While investigating performance problems on small RPC workloads,
I noticed linux TCP stack was always splitting the last TSO skb
into two parts (skbs). One being a multiple of MSS, and a small one
with the Push flag. This split is done even if TCP_NODELAY is set,
or if no small packet is in flight.

Example with request/response of 4K/4K

IP A > B: . ack 68432 win 2783 <nop,nop,timestamp 6524593 6525001>
IP A > B: . 65537:68433(2896) ack 69632 win 2783 <nop,nop,timestamp 6524593 6525001>
IP A > B: P 68433:69633(1200) ack 69632 win 2783 <nop,nop,timestamp 6524593 6525001>
IP B > A: . ack 68433 win 2768 <nop,nop,timestamp 6525001 6524593>
IP B > A: . 69632:72528(2896) ack 69633 win 2768 <nop,nop,timestamp 6525001 6524593>
IP B > A: P 72528:73728(1200) ack 69633 win 2768 <nop,nop,timestamp 6525001 6524593>
IP A > B: . ack 72528 win 2783 <nop,nop,timestamp 6524593 6525001>
IP A > B: . 69633:72529(2896) ack 73728 win 2783 <nop,nop,timestamp 6524593 6525001>
IP A > B: P 72529:73729(1200) ack 73728 win 2783 <nop,nop,timestamp 6524593 6525001>

We can avoid this split by including the Nagle tests at the right place.
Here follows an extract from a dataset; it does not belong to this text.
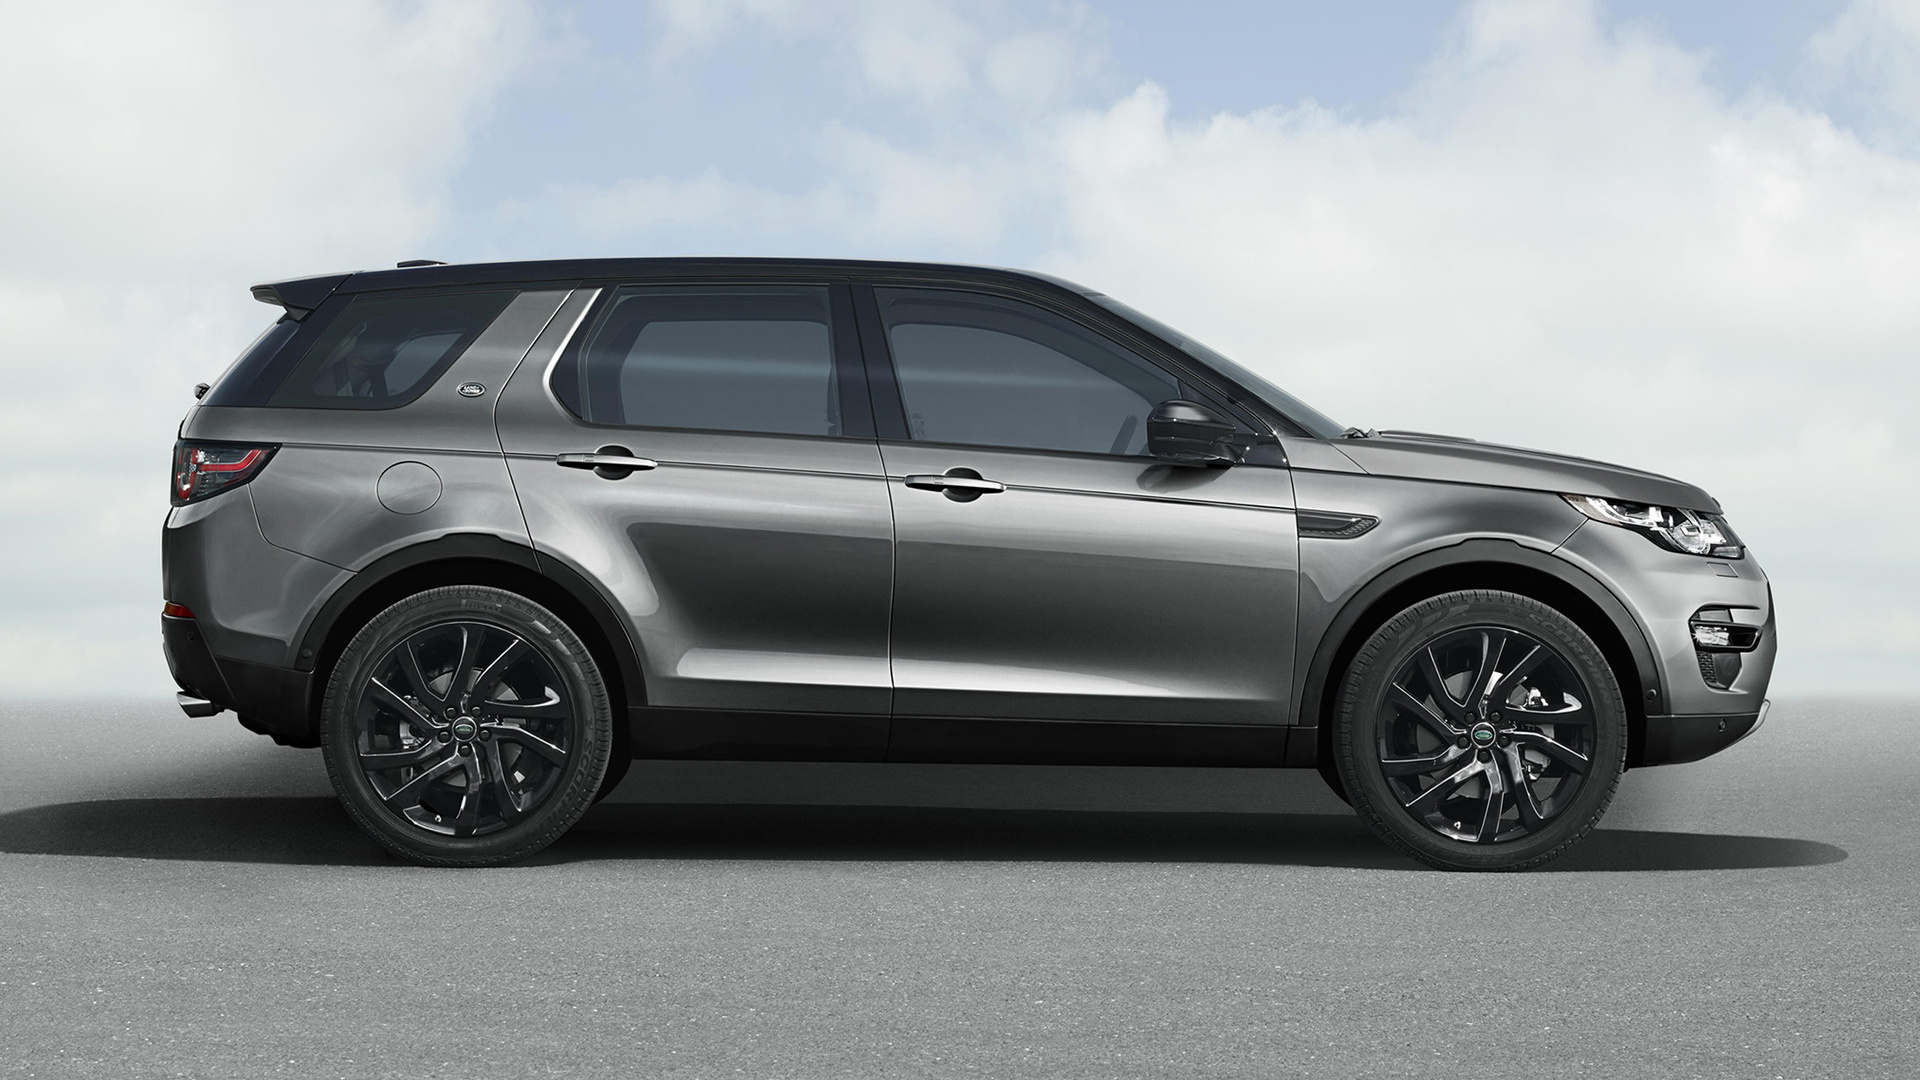 Black Car Car Crossover Car Land Rover Discovery Sport Hse Luxury Black Design Pack Subcompact Car S 1920x1080

Note : If some NIC had trouble sending TSO packets with a partial
last segment, we would have hit the problem in GRO/forwarding workload already.

tcp_minshall_update() is moved to tcp_output.c and is updated as we might
feed a TSO packet with a partial last segment.

This patch tremendously improves performance, as the traffic now looks
like :

IP A > B: . ack 98304 win 2783 <nop,nop,timestamp 6834277 6834685>
IP A > B: P 94209:98305(4096) ack 98304 win 2783 <nop,nop,timestamp 6834277 6834685>
IP B > A: . ack 98305 win 2768 <nop,nop,timestamp 6834686 6834277>
IP B > A: P 98304:102400(4096) ack 98305 win 2768 <nop,nop,timestamp 6834686 6834277>
IP A > B: . ack 102400 win 2783 <nop,nop,timestamp 6834279 6834686>
IP A > B: P 98305:102401(4096) ack 102400 win 2783 <nop,nop,timestamp 6834279 6834686>
IP B > A: . ack 102401 win 2768 <nop,nop,timestamp 6834687 6834279>
IP B > A: P 102400:106496(4096) ack 102401 win 2768 <nop,nop,timestamp 6834687 6834279>
IP A > B: . ack 106496 win 2783 <nop,nop,timestamp 6834280 6834687>
IP A > B: P 102401:106497(4096) ack 106496 win 2783 <nop,nop,timestamp 6834280 6834687>
IP B > A: . ack 106497 win 2768 <nop,nop,timestamp 6834688 6834280>
IP B > A: P 106496:110592(4096) ack 106497 win 2768 <nop,nop,timestamp 6834688 6834280>

Before :

lpq83:~# nstat >/dev/null;perf stat ./super_netperf 200 -t TCP_RR -H lpq84 -l 20 -- -r 4K,4K
280774

 Performance counter stats for './super_netperf 200 -t TCP_RR -H lpq84 -l 20 -- -r 4K,4K':

     205719.049006 task-clock                #    9.278 CPUs utilized
         8,449,968 context-switches          #    0.041 M/sec
         1,935,997 CPU-migrations            #    0.009 M/sec
           160,541 page-faults               #    0.780 K/sec
   548,478,722,290 cycles                    #    2.666 GHz                     [83.20%]
   455,240,670,857 stalled-cycles-frontend   #   83.00% frontend cycles idle    [83.48%]
   272,881,454,275 stalled-cycles-backend    #   49.75% backend  cycles idle    [66.73%]
   166,091,460,030 instructions              #    0.30  insns per cycle
                                             #    2.74  stalled cycles per insn [83.39%]
    29,150,229,399 branches                  #  141.699 M/sec                   [83.30%]
     1,943,814,026 branch-misses             #    6.67% of all branches         [83.32%]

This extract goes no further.